YOUR TASK: Output every line of the entries from the line containing "Brass and mirrors in very good condition." through the last, exactly, with no other content.

INPUT RECORDS:
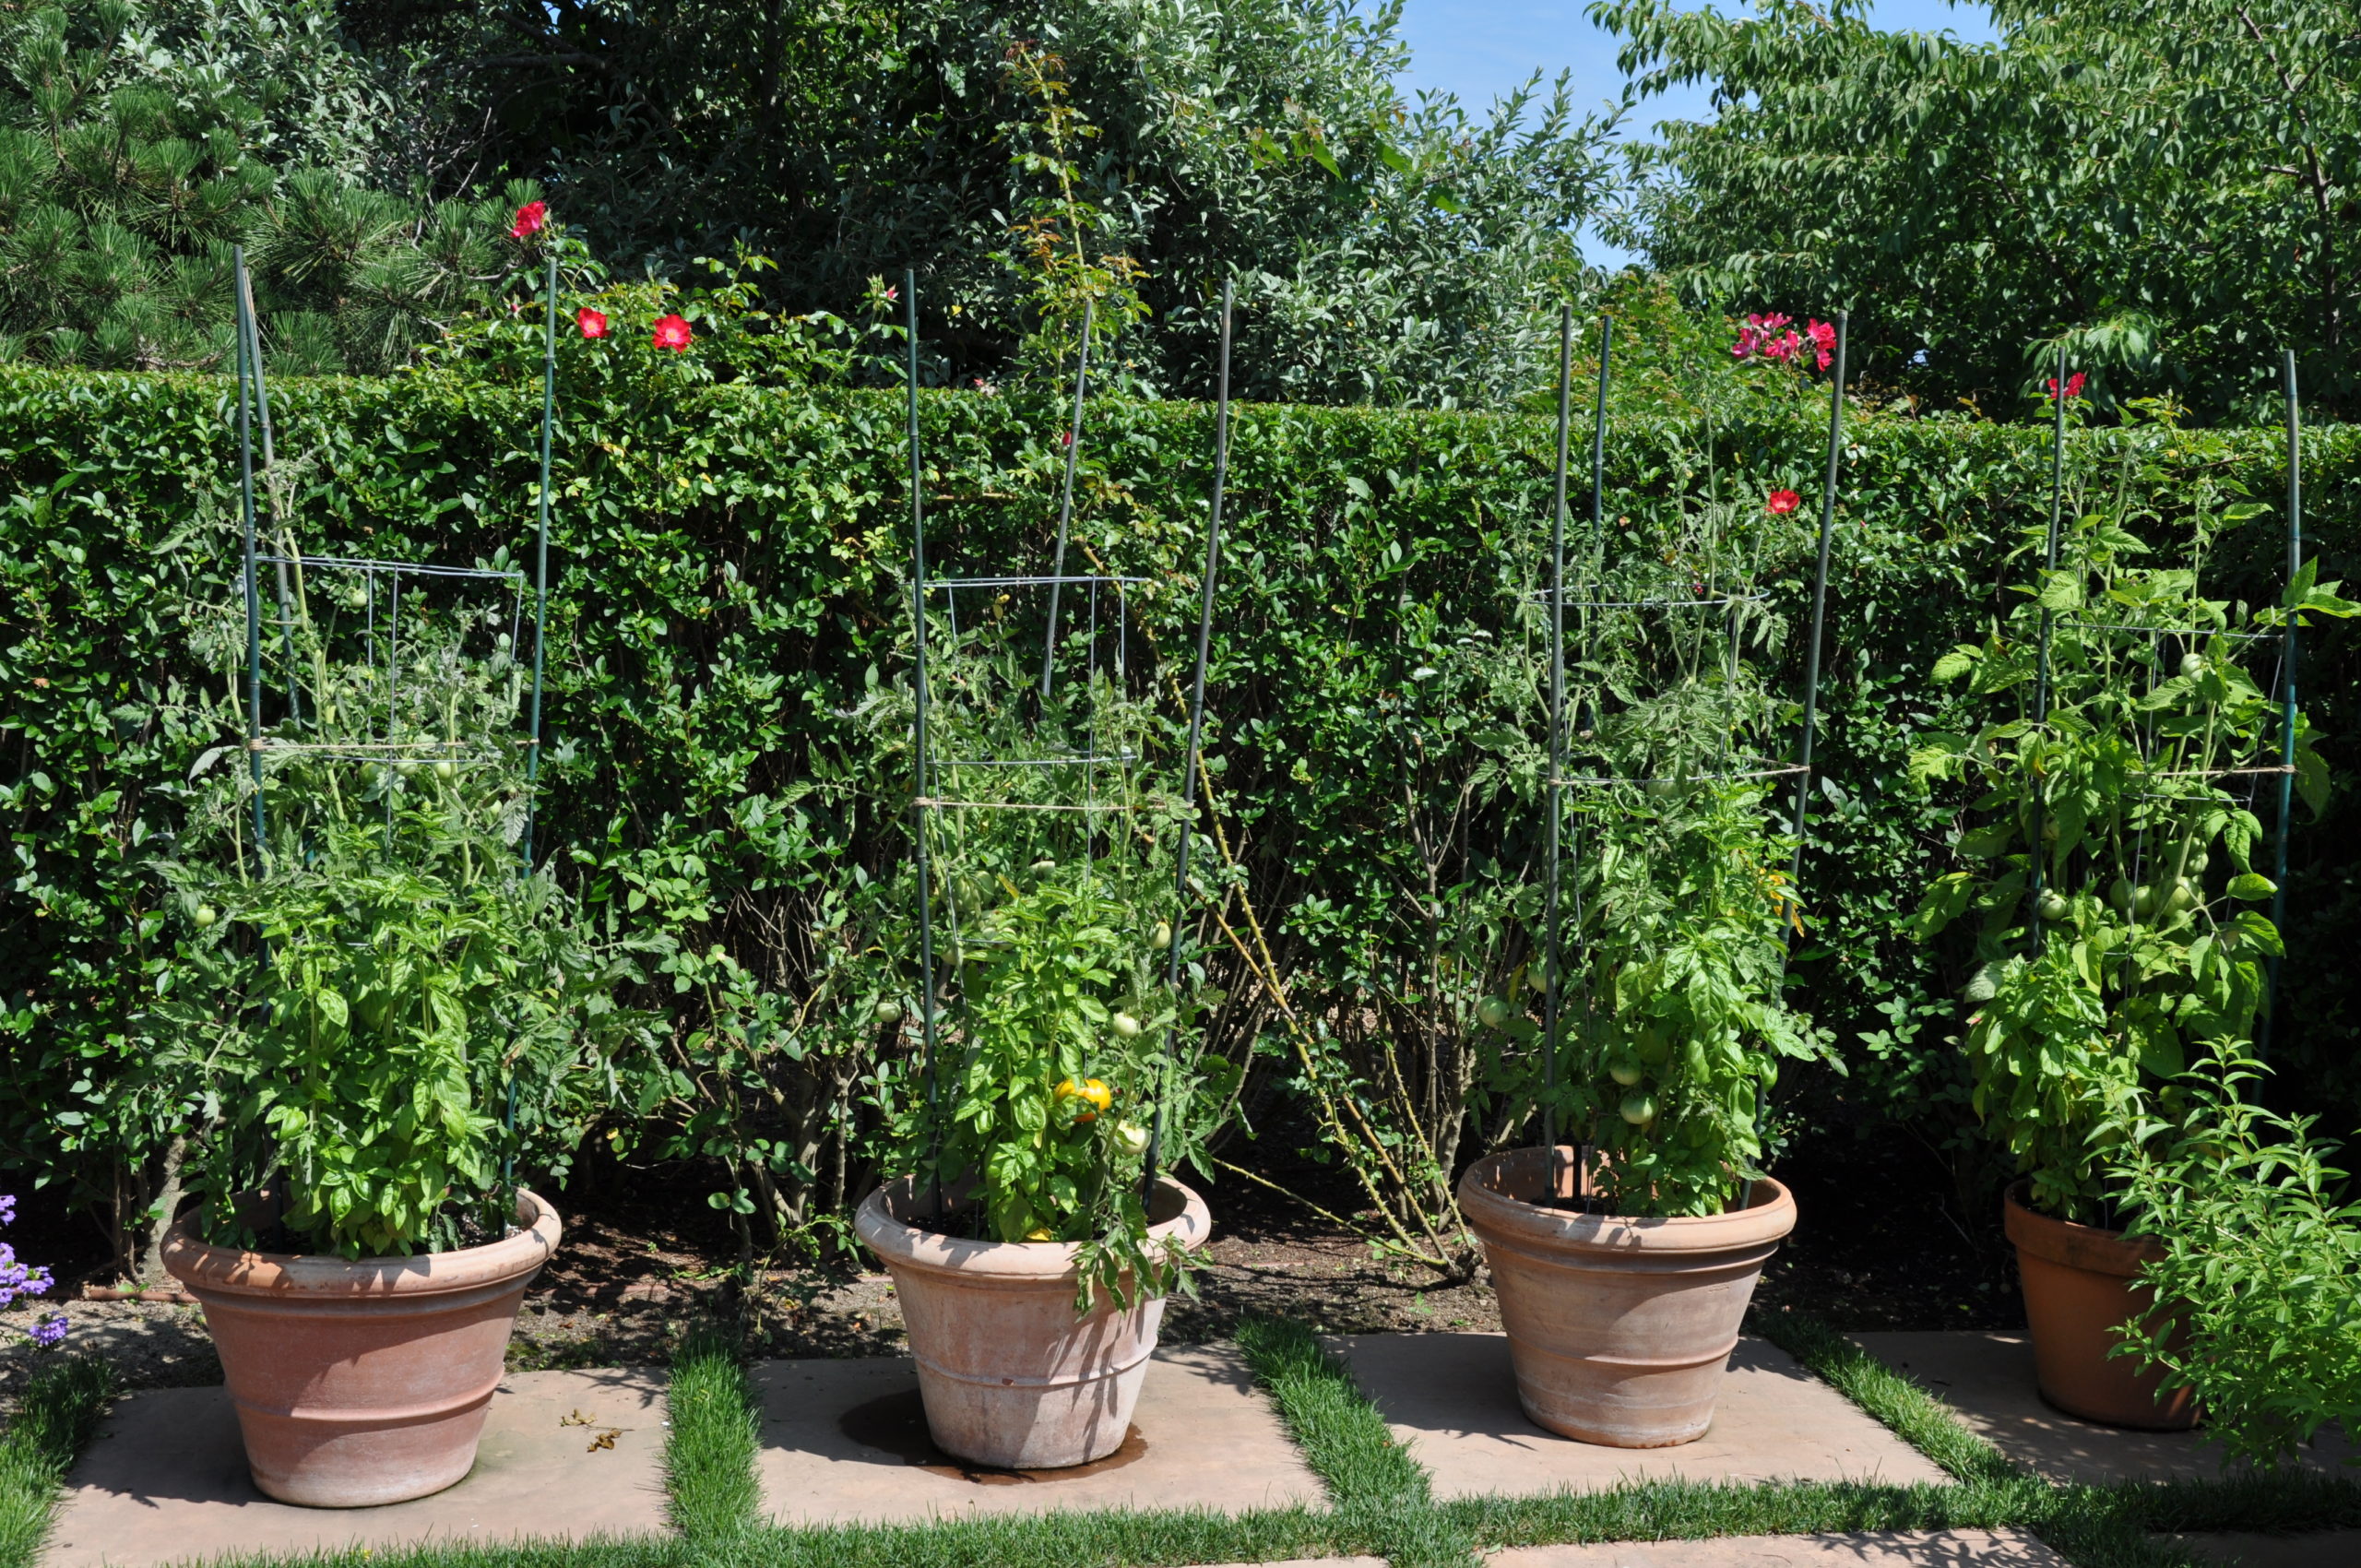 Determinate tomatoes being grown in pots in a hedged Southampton garden. These are just transitioning from green mature to ripe (second from the left on bottom) and most will be ready for harvest in a short 10-day window as happens with the determinate types.
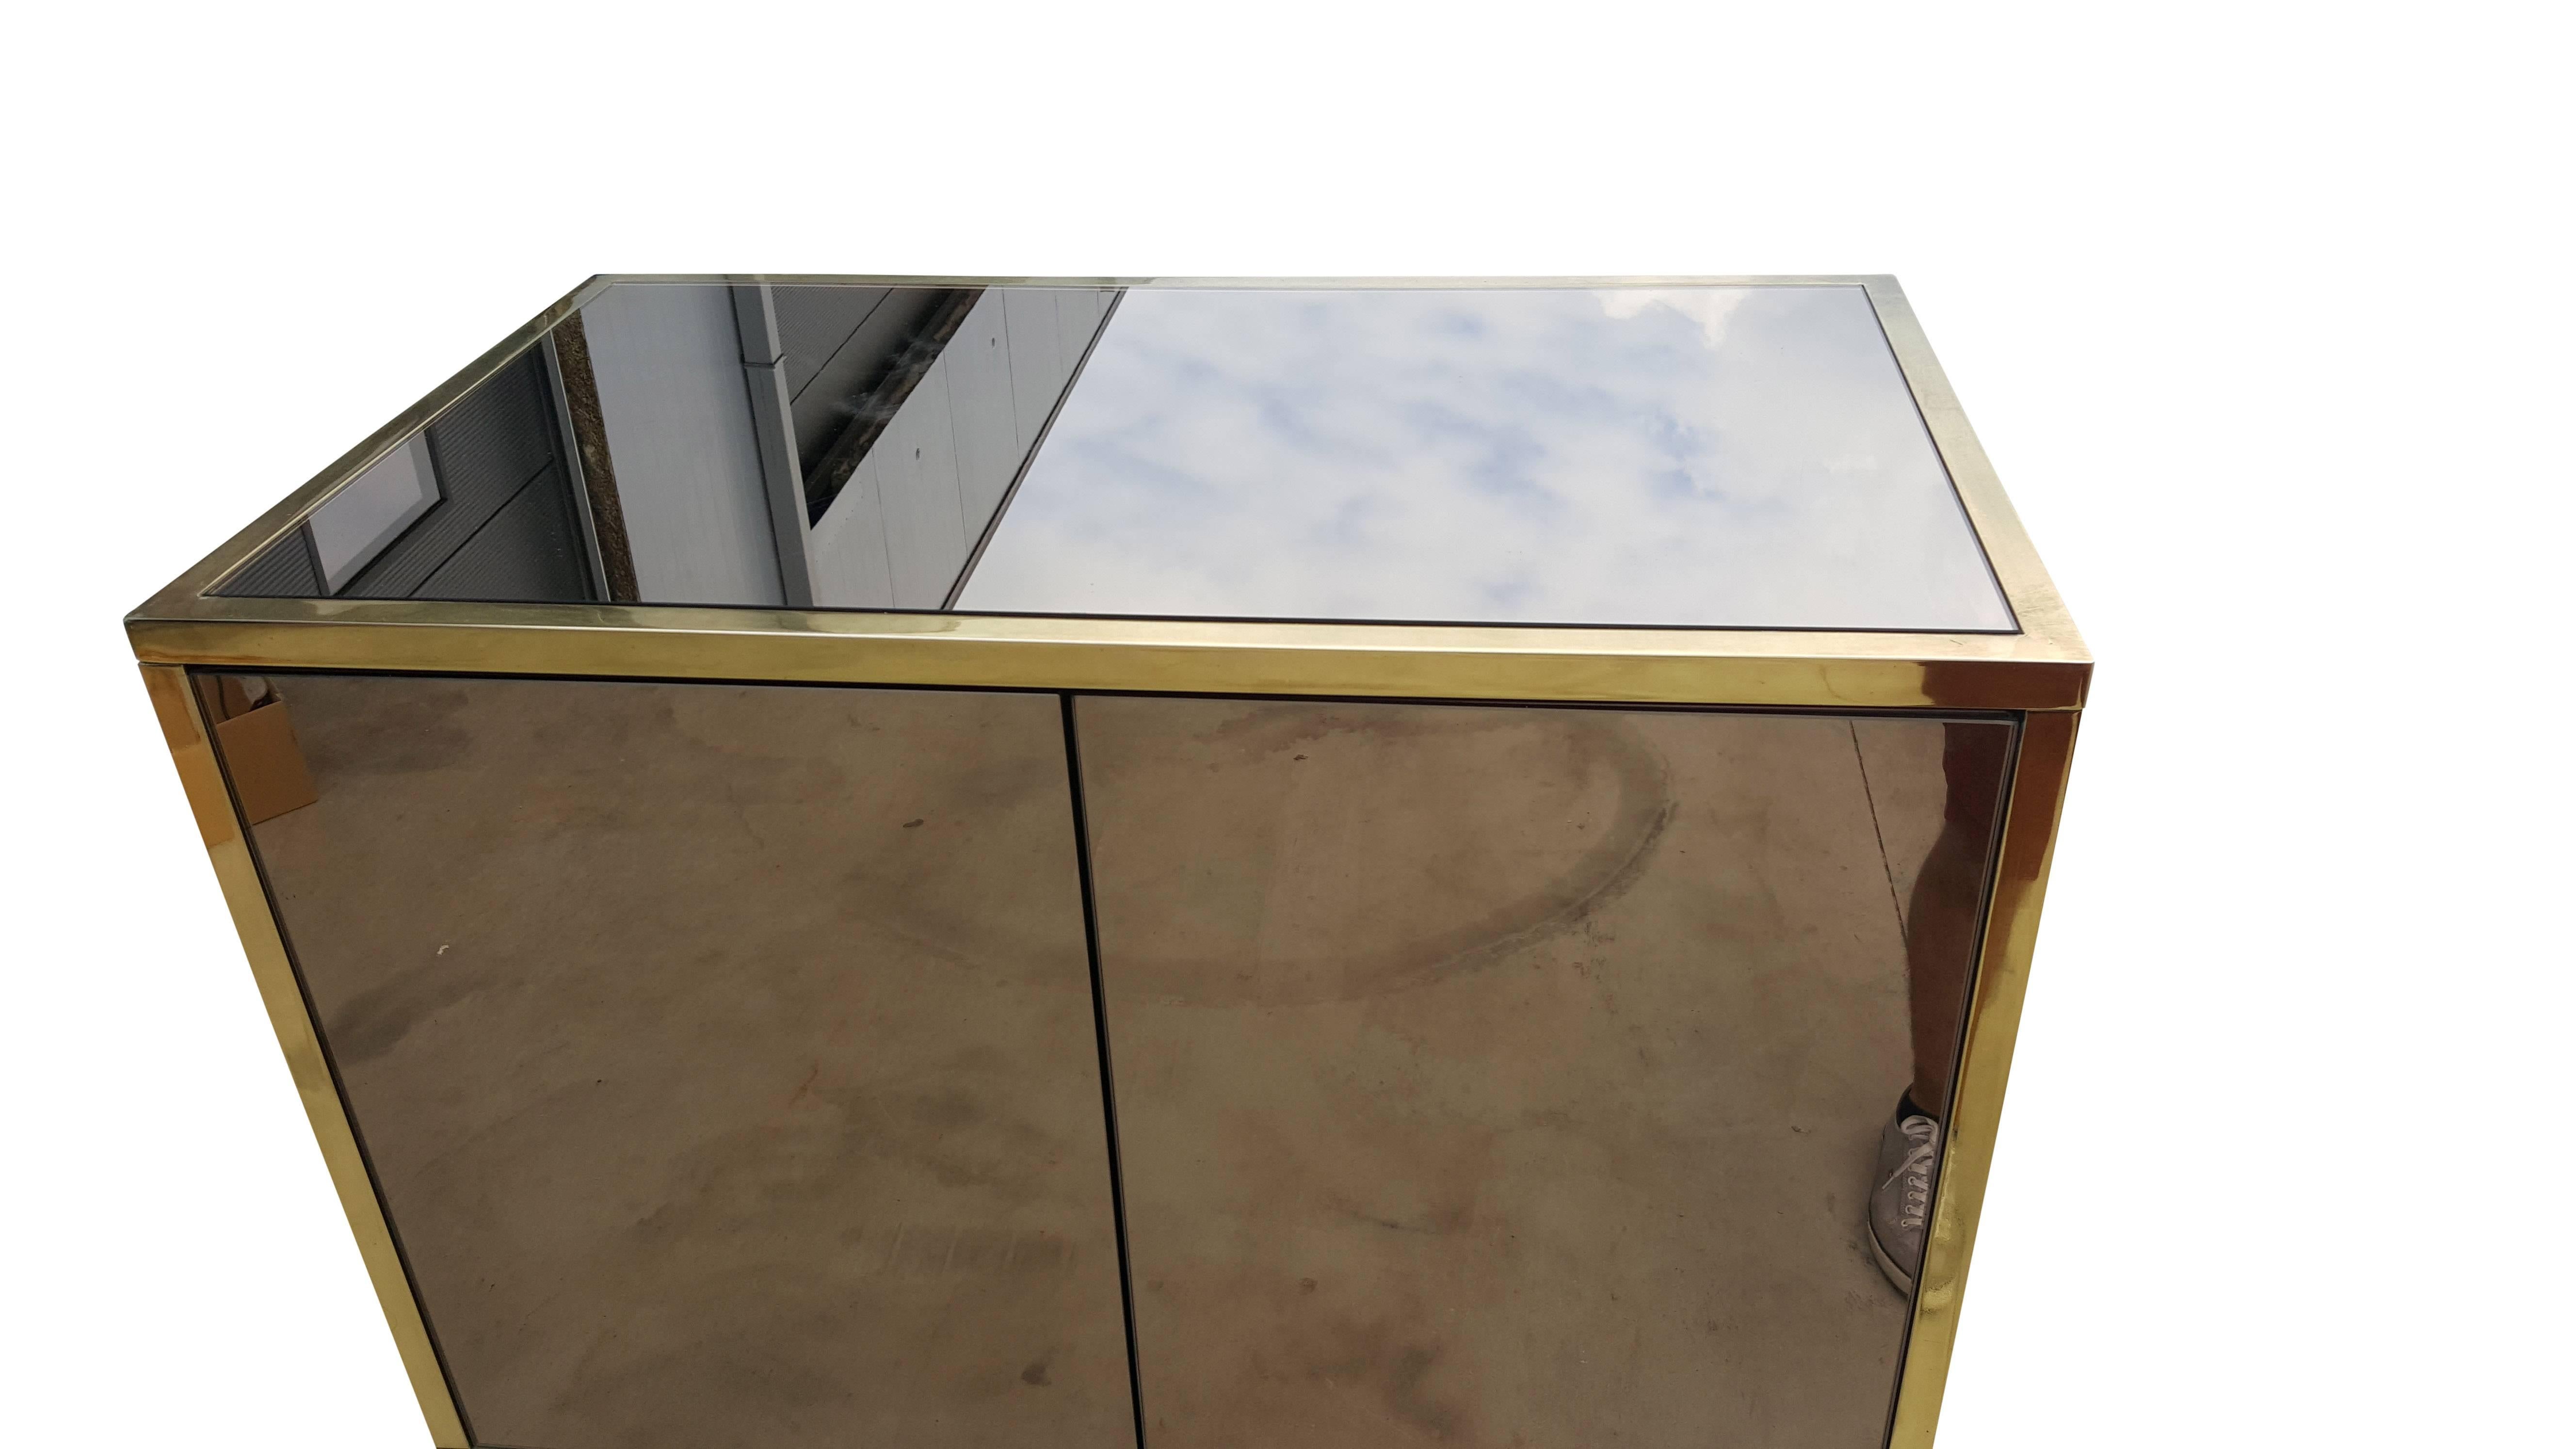 Mirrored brass bar cabinet from belgo chrome
Brass and mirrors in very good condition.
Made in the 1970s.
In the style of Maison Jansen.

WRITTEN REPLY:
Brass and mirrors in very good condition.
Made in the 1970s.
In the style of Maison Jansen.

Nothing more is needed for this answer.